You can try solving http://acm.timus.ru/problem.aspx?space=1&num=1198&locale=en . I can't remember any other link to problem, related with SCC.
It only works if I want to find if the whole graph is an SCC ? if I need to count the number of different SCC what's the best algorithm I should use ?
I don't know any way to count SCC other than to find them all with the help of algorithms you mentioned in your post.
I've been reading about Kosajaru's algorithm and implemented this solution, which seems a lot with my old one, it passed the tests with a good time.. is it a truly implementation of Kosajaru's ? http://pastebin.com/jKbv5Beb
Yes it is :)
Thank you, I'm proud of myself ;)
Does kosaraju and Tarjan algortihms works on undirected graph?
if no is the answer, how can i find the SCC in an undirected graphs?
What's a SCC in an undirected graph?
http://mirror.codeforces.com/gym/100676
In such contest, the solution of the last problem pointed out that we need to get the SCC of the graph. Any idea?
Note that what the problem statement refers to as "strongly connected" is not what one usually means when using that term.
Instead, what is described there is more along the lines of 2-edge-connected components. On that topic, the following wiki article should be helpful: https://en.wikipedia.org/wiki/Bridge_(graph_theory)
We can transform a directed graph using SCC to a DAG.
Can we do the same if we find the biconnected components?
SCC and BC are NOT in the same graph.
of course they are not in the same graph. What i meant is, if i found some way the biconnected components of an undirected graph, can i create a DAG out of it if i contract all the BC?

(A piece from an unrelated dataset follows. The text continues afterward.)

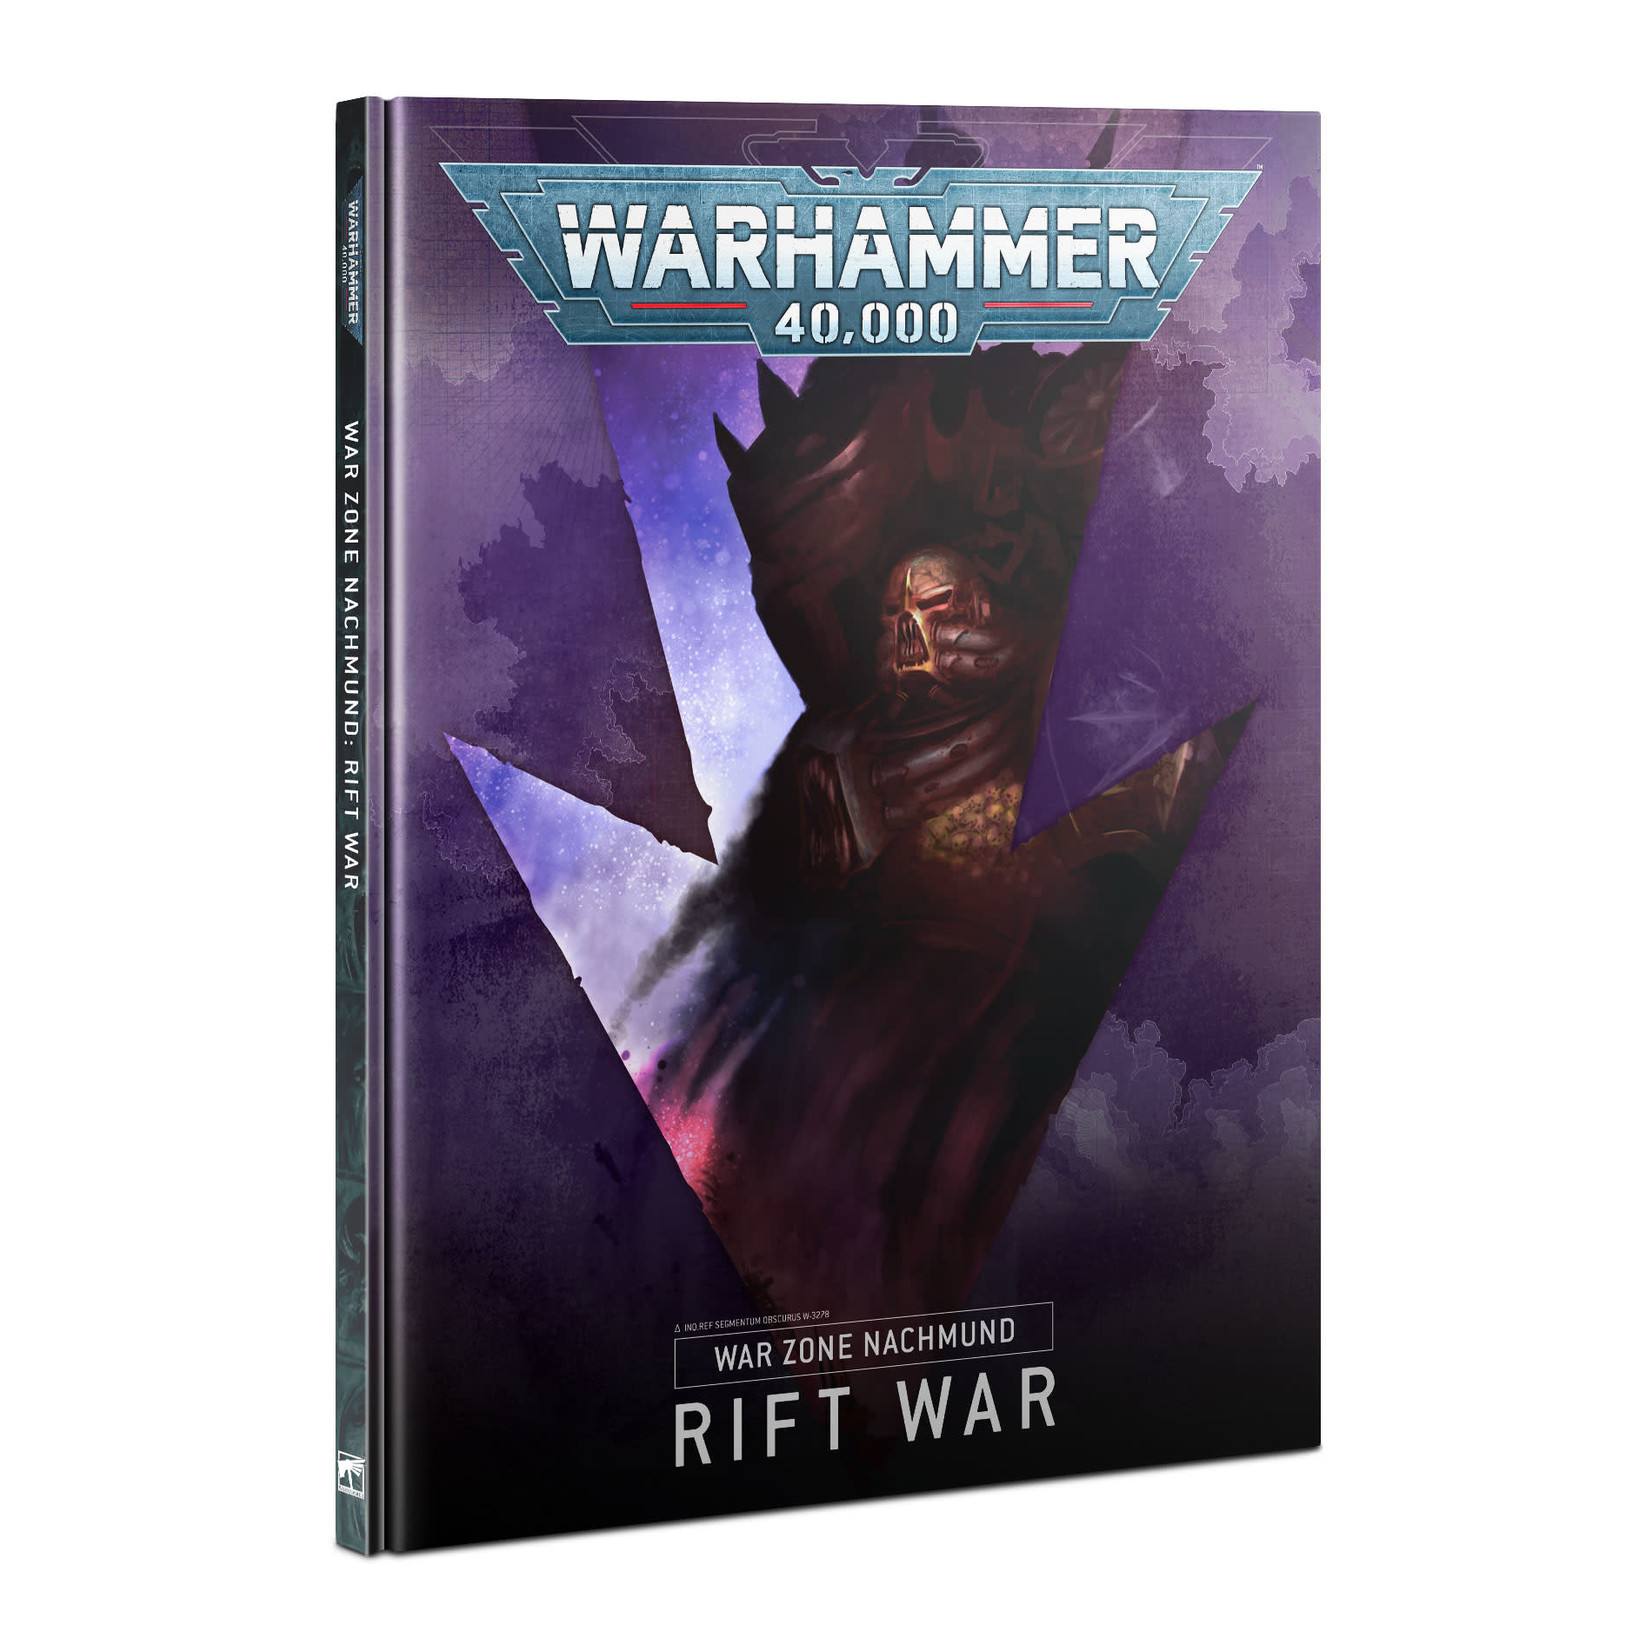 Warhammer 40k Warhammer 40k: Warzone Nachmund: Rift War
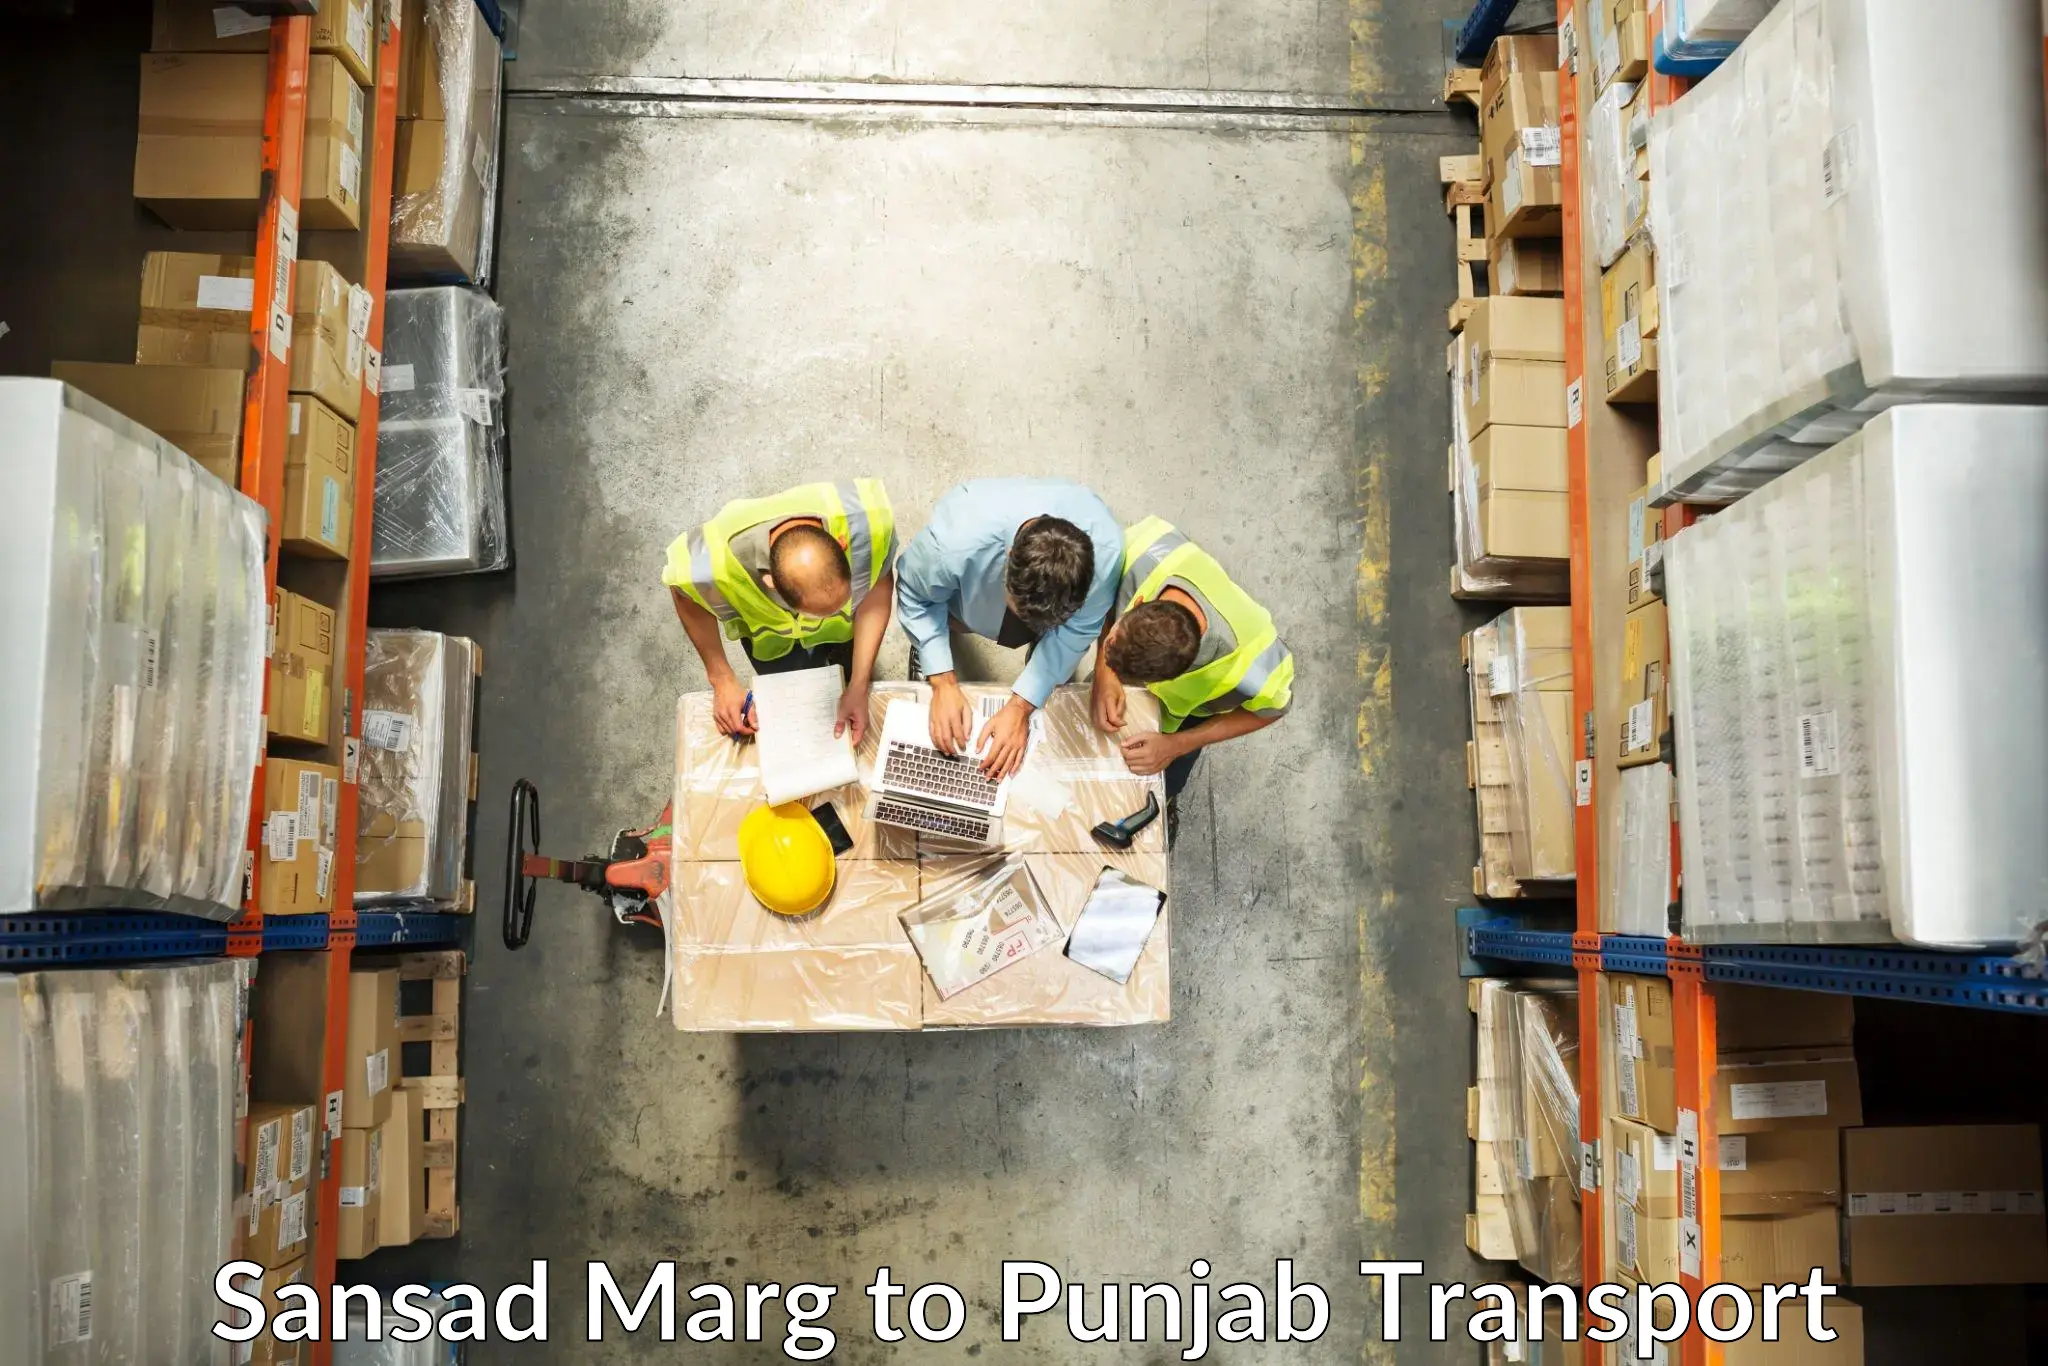 Online transport in Sansad Marg to Punjab

DAG is NOT defined in an undirected graph.
can we transform it into an undirected tree then?
NO
Why not? If we compress all biconnected components into a single vertex we get a tree (or a forest if the initial graph isn't connected).
One node can be part of many biconnected components. How do you define the tree for the initial graph : 1 — 2 — 3 ?
The tree should be the same as the graph since it's a tree in this case (1-2-3), I think.
I don't think it matters. You can apply the BC algorithm for trees too.
For 1-2-3-4 you have the resulting tree (1,2)-(3,4) but for 1-2-3 you have(1,2) and (2,3) and they are not linked. The definition of a tree has to change in order to make it work.
"Any connected graph decomposes into a tree of biconnected components called the block-cut tree of the graph." — https://en.wikipedia.org/wiki/Biconnected_component
So what I meant was just to make all bridges the edges of our so-called block-cut tree (I count A-B as a bridge if there is no other path from A to B) so in this case a tree with N nodes always has N biconnected components, one node in each component :)
I agree with this decomposition. I was talking (and I think that's that WalidMasri meant) about using the component as a vertex (as in SCC) not about the block-cut tree.